Exercise aim
Retype all of the data shown below, keeping every character the same.

Source records
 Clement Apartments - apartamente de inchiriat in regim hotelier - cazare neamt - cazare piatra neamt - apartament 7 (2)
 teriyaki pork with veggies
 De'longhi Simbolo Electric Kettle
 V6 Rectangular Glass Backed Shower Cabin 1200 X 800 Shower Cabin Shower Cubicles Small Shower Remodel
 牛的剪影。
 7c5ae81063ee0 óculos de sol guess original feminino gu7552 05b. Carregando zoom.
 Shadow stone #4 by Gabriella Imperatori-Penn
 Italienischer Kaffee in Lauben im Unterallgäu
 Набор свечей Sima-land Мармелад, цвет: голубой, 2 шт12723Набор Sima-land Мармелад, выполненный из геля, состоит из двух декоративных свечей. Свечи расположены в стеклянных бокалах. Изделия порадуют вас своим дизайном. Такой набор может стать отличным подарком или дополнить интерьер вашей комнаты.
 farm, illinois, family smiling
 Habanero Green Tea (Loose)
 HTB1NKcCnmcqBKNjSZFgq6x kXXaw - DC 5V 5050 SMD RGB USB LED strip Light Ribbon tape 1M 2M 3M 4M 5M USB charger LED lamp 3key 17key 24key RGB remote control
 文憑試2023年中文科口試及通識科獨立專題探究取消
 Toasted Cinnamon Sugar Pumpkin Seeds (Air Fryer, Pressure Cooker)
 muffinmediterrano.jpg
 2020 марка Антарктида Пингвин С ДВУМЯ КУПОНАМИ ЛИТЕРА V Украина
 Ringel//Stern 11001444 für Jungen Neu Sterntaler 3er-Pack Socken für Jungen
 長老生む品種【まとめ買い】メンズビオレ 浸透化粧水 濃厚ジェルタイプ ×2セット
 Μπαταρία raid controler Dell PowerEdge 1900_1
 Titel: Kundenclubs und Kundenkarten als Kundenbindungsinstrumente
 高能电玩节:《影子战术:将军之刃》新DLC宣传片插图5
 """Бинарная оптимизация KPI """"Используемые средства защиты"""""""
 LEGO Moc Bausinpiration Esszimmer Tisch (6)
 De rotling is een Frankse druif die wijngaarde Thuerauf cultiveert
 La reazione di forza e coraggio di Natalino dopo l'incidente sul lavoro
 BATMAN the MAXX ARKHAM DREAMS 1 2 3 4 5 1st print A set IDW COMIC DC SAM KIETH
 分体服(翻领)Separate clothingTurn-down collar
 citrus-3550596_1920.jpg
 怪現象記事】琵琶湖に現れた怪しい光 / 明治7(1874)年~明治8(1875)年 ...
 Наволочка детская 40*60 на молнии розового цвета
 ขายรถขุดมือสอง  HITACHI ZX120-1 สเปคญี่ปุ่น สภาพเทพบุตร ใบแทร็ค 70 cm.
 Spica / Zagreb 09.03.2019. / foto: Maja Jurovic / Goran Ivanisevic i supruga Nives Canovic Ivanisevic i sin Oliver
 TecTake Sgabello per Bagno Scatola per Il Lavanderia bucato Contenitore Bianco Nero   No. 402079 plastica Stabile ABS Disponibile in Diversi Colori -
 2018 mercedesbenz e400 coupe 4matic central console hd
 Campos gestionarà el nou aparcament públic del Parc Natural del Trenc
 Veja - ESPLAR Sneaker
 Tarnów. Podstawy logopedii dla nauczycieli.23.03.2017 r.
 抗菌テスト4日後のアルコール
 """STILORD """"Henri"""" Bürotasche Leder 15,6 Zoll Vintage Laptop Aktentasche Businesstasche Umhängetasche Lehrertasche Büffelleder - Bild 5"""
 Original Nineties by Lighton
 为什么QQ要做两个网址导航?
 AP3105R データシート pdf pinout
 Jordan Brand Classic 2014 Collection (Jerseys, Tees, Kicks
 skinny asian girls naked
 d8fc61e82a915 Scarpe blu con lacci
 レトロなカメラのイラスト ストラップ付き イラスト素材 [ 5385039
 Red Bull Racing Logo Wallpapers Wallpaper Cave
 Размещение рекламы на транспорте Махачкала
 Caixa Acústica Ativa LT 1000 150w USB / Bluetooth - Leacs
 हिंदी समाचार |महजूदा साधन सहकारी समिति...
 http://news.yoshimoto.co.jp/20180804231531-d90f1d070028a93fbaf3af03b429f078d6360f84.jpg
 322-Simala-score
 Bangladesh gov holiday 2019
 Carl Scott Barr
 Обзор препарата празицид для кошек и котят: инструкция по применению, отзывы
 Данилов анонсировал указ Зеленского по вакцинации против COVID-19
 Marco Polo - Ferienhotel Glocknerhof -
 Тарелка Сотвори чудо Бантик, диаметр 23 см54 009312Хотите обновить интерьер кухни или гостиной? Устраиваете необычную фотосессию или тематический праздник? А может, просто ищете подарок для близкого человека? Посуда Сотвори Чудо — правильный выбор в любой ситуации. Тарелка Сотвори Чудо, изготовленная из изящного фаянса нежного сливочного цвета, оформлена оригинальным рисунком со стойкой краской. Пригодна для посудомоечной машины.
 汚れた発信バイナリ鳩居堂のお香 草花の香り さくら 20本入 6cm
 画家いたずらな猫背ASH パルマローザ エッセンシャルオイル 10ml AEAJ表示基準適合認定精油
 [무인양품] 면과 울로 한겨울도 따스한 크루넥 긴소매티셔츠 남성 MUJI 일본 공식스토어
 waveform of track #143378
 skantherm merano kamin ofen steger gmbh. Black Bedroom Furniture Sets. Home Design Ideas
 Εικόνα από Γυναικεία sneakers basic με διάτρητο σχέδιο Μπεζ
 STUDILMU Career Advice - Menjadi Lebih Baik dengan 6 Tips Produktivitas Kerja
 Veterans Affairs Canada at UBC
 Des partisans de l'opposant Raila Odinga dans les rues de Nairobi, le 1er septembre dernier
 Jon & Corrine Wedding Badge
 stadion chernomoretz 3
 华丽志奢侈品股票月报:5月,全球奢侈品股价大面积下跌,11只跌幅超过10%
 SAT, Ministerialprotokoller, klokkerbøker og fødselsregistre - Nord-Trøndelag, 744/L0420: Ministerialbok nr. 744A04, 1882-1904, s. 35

Result of the exercise
 Clement Apartments - apartamente de inchiriat in regim hotelier - cazare neamt - cazare piatra neamt - apartament 7 (2)
 teriyaki pork with veggies
 De'longhi Simbolo Electric Kettle
 V6 Rectangular Glass Backed Shower Cabin 1200 X 800 Shower Cabin Shower Cubicles Small Shower Remodel
 牛的剪影。
 7c5ae81063ee0 óculos de sol guess original feminino gu7552 05b. Carregando zoom.
 Shadow stone #4 by Gabriella Imperatori-Penn
 Italienischer Kaffee in Lauben im Unterallgäu
 Набор свечей Sima-land Мармелад, цвет: голубой, 2 шт12723Набор Sima-land Мармелад, выполненный из геля, состоит из двух декоративных свечей. Свечи расположены в стеклянных бокалах. Изделия порадуют вас своим дизайном. Такой набор может стать отличным подарком или дополнить интерьер вашей комнаты.
 farm, illinois, family smiling
 Habanero Green Tea (Loose)
 HTB1NKcCnmcqBKNjSZFgq6x kXXaw - DC 5V 5050 SMD RGB USB LED strip Light Ribbon tape 1M 2M 3M 4M 5M USB charger LED lamp 3key 17key 24key RGB remote control
 文憑試2023年中文科口試及通識科獨立專題探究取消
 Toasted Cinnamon Sugar Pumpkin Seeds (Air Fryer, Pressure Cooker)
 muffinmediterrano.jpg
 2020 марка Антарктида Пингвин С ДВУМЯ КУПОНАМИ ЛИТЕРА V Украина
 Ringel//Stern 11001444 für Jungen Neu Sterntaler 3er-Pack Socken für Jungen
 長老生む品種【まとめ買い】メンズビオレ 浸透化粧水 濃厚ジェルタイプ ×2セット
 Μπαταρία raid controler Dell PowerEdge 1900_1
 Titel: Kundenclubs und Kundenkarten als Kundenbindungsinstrumente
 高能电玩节:《影子战术:将军之刃》新DLC宣传片插图5
 """Бинарная оптимизация KPI """"Используемые средства защиты"""""""
 LEGO Moc Bausinpiration Esszimmer Tisch (6)
 De rotling is een Frankse druif die wijngaarde Thuerauf cultiveert
 La reazione di forza e coraggio di Natalino dopo l'incidente sul lavoro
 BATMAN the MAXX ARKHAM DREAMS 1 2 3 4 5 1st print A set IDW COMIC DC SAM KIETH
 分体服(翻领)Separate clothingTurn-down collar
 citrus-3550596_1920.jpg
 怪現象記事】琵琶湖に現れた怪しい光 / 明治7(1874)年~明治8(1875)年 ...
 Наволочка детская 40*60 на молнии розового цвета
 ขายรถขุดมือสอง  HITACHI ZX120-1 สเปคญี่ปุ่น สภาพเทพบุตร ใบแทร็ค 70 cm.
 Spica / Zagreb 09.03.2019. / foto: Maja Jurovic / Goran Ivanisevic i supruga Nives Canovic Ivanisevic i sin Oliver
 TecTake Sgabello per Bagno Scatola per Il Lavanderia bucato Contenitore Bianco Nero   No. 402079 plastica Stabile ABS Disponibile in Diversi Colori -
 2018 mercedesbenz e400 coupe 4matic central console hd
 Campos gestionarà el nou aparcament públic del Parc Natural del Trenc
 Veja - ESPLAR Sneaker
 Tarnów. Podstawy logopedii dla nauczycieli.23.03.2017 r.
 抗菌テスト4日後のアルコール
 """STILORD """"Henri"""" Bürotasche Leder 15,6 Zoll Vintage Laptop Aktentasche Businesstasche Umhängetasche Lehrertasche Büffelleder - Bild 5"""
 Original Nineties by Lighton
 为什么QQ要做两个网址导航?
 AP3105R データシート pdf pinout
 Jordan Brand Classic 2014 Collection (Jerseys, Tees, Kicks
 skinny asian girls naked
 d8fc61e82a915 Scarpe blu con lacci
 レトロなカメラのイラスト ストラップ付き イラスト素材 [ 5385039
 Red Bull Racing Logo Wallpapers Wallpaper Cave
 Размещение рекламы на транспорте Махачкала
 Caixa Acústica Ativa LT 1000 150w USB / Bluetooth - Leacs
 हिंदी समाचार |महजूदा साधन सहकारी समिति...
 http://news.yoshimoto.co.jp/20180804231531-d90f1d070028a93fbaf3af03b429f078d6360f84.jpg
 322-Simala-score
 Bangladesh gov holiday 2019
 Carl Scott Barr
 Обзор препарата празицид для кошек и котят: инструкция по применению, отзывы
 Данилов анонсировал указ Зеленского по вакцинации против COVID-19
 Marco Polo - Ferienhotel Glocknerhof -
 Тарелка Сотвори чудо Бантик, диаметр 23 см54 009312Хотите обновить интерьер кухни или гостиной? Устраиваете необычную фотосессию или тематический праздник? А может, просто ищете подарок для близкого человека? Посуда Сотвори Чудо — правильный выбор в любой ситуации. Тарелка Сотвори Чудо, изготовленная из изящного фаянса нежного сливочного цвета, оформлена оригинальным рисунком со стойкой краской. Пригодна для посудомоечной машины.
 汚れた発信バイナリ鳩居堂のお香 草花の香り さくら 20本入 6cm
 画家いたずらな猫背ASH パルマローザ エッセンシャルオイル 10ml AEAJ表示基準適合認定精油
 [무인양품] 면과 울로 한겨울도 따스한 크루넥 긴소매티셔츠 남성 MUJI 일본 공식스토어
 waveform of track #143378
 skantherm merano kamin ofen steger gmbh. Black Bedroom Furniture Sets. Home Design Ideas
 Εικόνα από Γυναικεία sneakers basic με διάτρητο σχέδιο Μπεζ
 STUDILMU Career Advice - Menjadi Lebih Baik dengan 6 Tips Produktivitas Kerja
 Veterans Affairs Canada at UBC
 Des partisans de l'opposant Raila Odinga dans les rues de Nairobi, le 1er septembre dernier
 Jon & Corrine Wedding Badge
 stadion chernomoretz 3
 华丽志奢侈品股票月报:5月,全球奢侈品股价大面积下跌,11只跌幅超过10%
 SAT, Ministerialprotokoller, klokkerbøker og fødselsregistre - Nord-Trøndelag, 744/L0420: Ministerialbok nr. 744A04, 1882-1904, s. 35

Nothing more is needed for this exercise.